For Goebbels and Bormann personally, surrender had little to commend it. For them, capitulating to the Soviet side was tantamount to something worse than death. Saving the lives of German soldiers and of the German population was evidently not a priority. At 18.30 the Red Army, on the orders of Marshal Zhukov, resumed the assault. The unused hotline connecting the opposing sides was destroyed.
I often wondered what had happened to our signaller on the other side of the front line, lying in that crater with his German colleagues, alone in the enemy camp as the Red Army resumed its furious assault. Did the Nazi soldiers take their desperation and anger out on him in their darkest hour?
It was only in 1985, after being forgotten for so many years, that the heroic signaller resurfaced. I was so delighted to learn from a newspaper report that a Kazakh film about him had won an award at an international festival of documentary short films. All these years he had been living in Alma-Ata in obscurity.
Late in the evening of 1 May, the Hamburg radio station broadcast an announcement ‘from the Führer’s Headquarters’ that, ‘This afternoon, continuing the fight against Bolshevism to his last breath, our Führer, Adolf Hitler, fell in the battle for Germany at his command post in the Reich Chancellery.’ The announcement was broadcast a second time, accompanied by Wagnerian music. The circumstances had changed, but our task remained the same: to find Hitler, dead or alive.
The Führerbunker
Hitler’s headquarters was located in a bomb shelter under the Reich Chancellery. It had more than fifty rooms (most of them no bigger than a boxroom). It also housed a powerful communications centre, had food supplies and a kitchen. An underground garage was connected to it. There were two ways into the underground complex: from the internal garden of the Reich Chancellery, and from the Chancellery’s vestibule, from which a fairly broad and gentle staircase led downwards. Descending the stairs, you immediately came to a long corridor with numerous doors opening off it. The route to Hitler’s bunker was rather long and complicated. An entrance from the enclosed garden led directly to the Führerbunker, as those inhabiting this underworld called it.
The two-storey Führerbunker was much deeper down than the bomb shelter under the Reich Chancellery and its reinforced concrete ceiling much thicker. The head of Hitler’s bodyguard, Hans Rattenhuber, in his memoirs, Hitler, I Knew Him , [1] There are two typescript texts translated into Russian in the archive: Testimony of Hans Rattenhuber (file 132, pp. 63–91, titled ‘The Truth about the Death of Hitler’; also more detailed memoirs titled ‘Hitler As I Knew Him’ (file 131).

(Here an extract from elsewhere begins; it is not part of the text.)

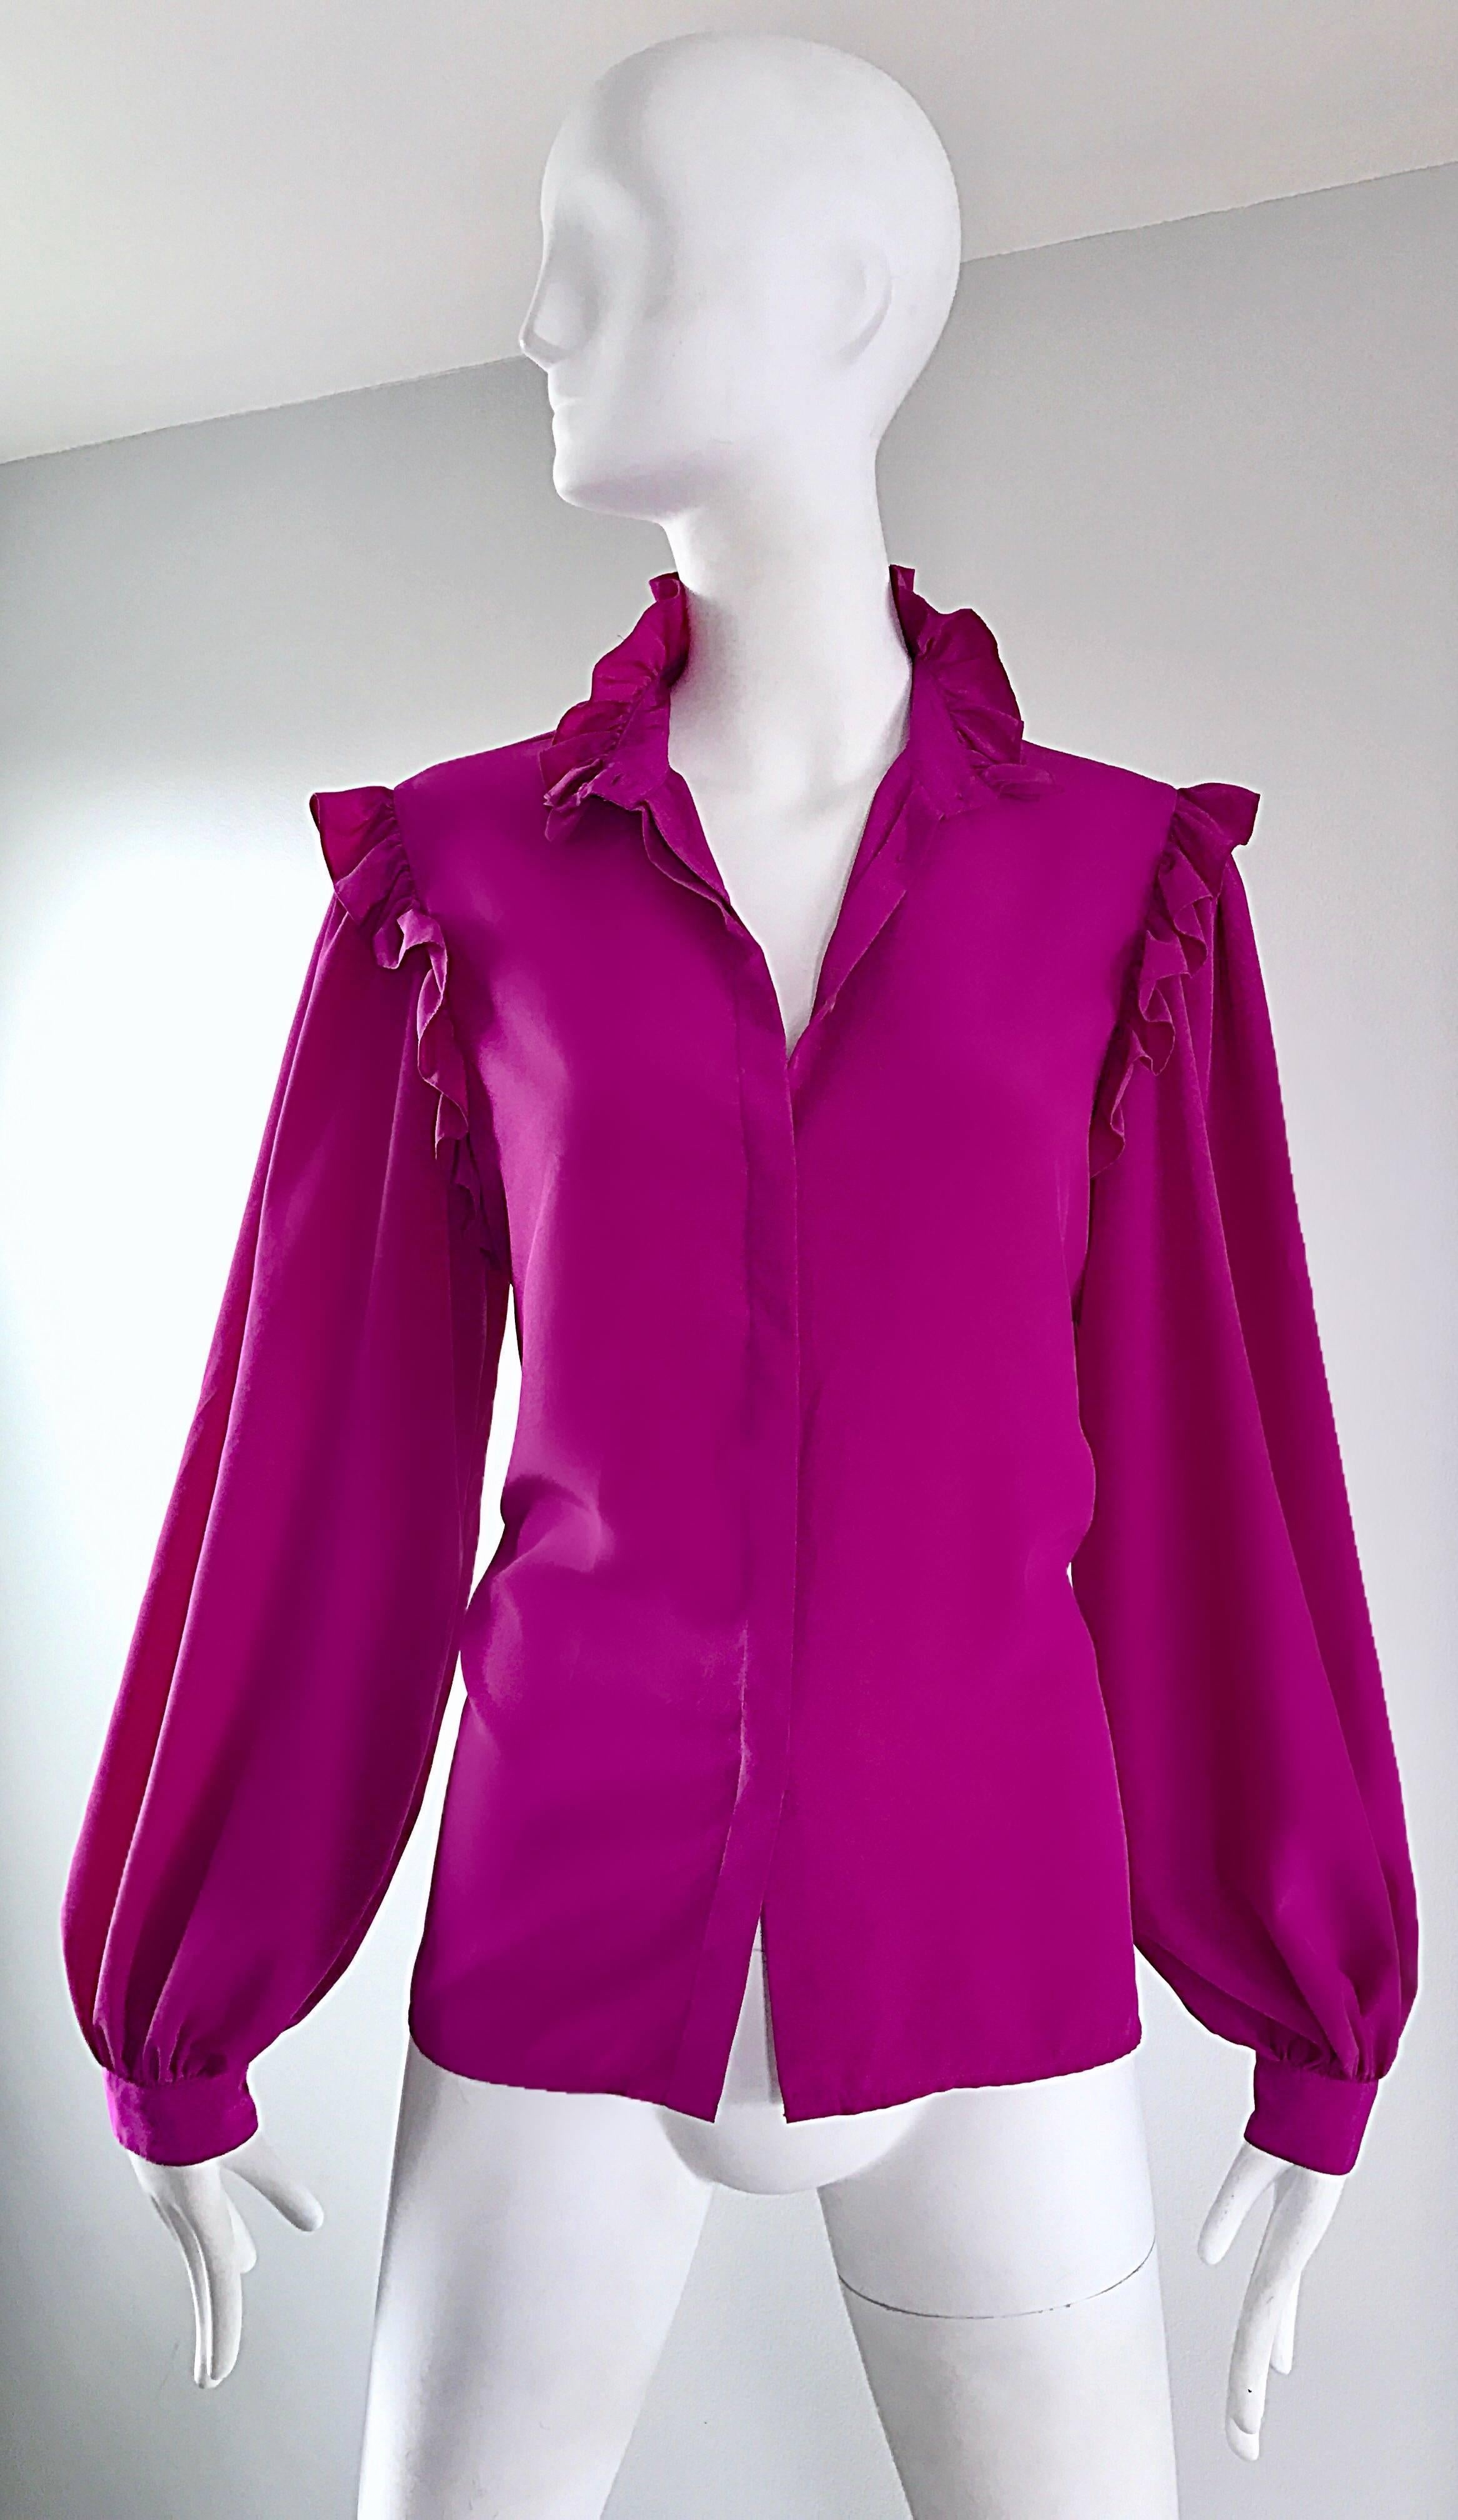 Oscar de la Renta 1970s Magenta Fuchsia Pink Silk Bishop Sleeve Vintage Blouse 2

describes it: ‘Hitler’s new bomb shelter was the most solid of any built in Germany. The reinforced concrete ceiling of the bunker was eight metres thick.’
There was a concrete mixer near the garden entrance to the bunker: work had recently been carried out to strengthen the concrete roof, probably after it suffered a direct hit from artillery shells.
Russian assault detachments broke through the final defensive ring and burst into the Reich Chancellery on the morning of 2 May.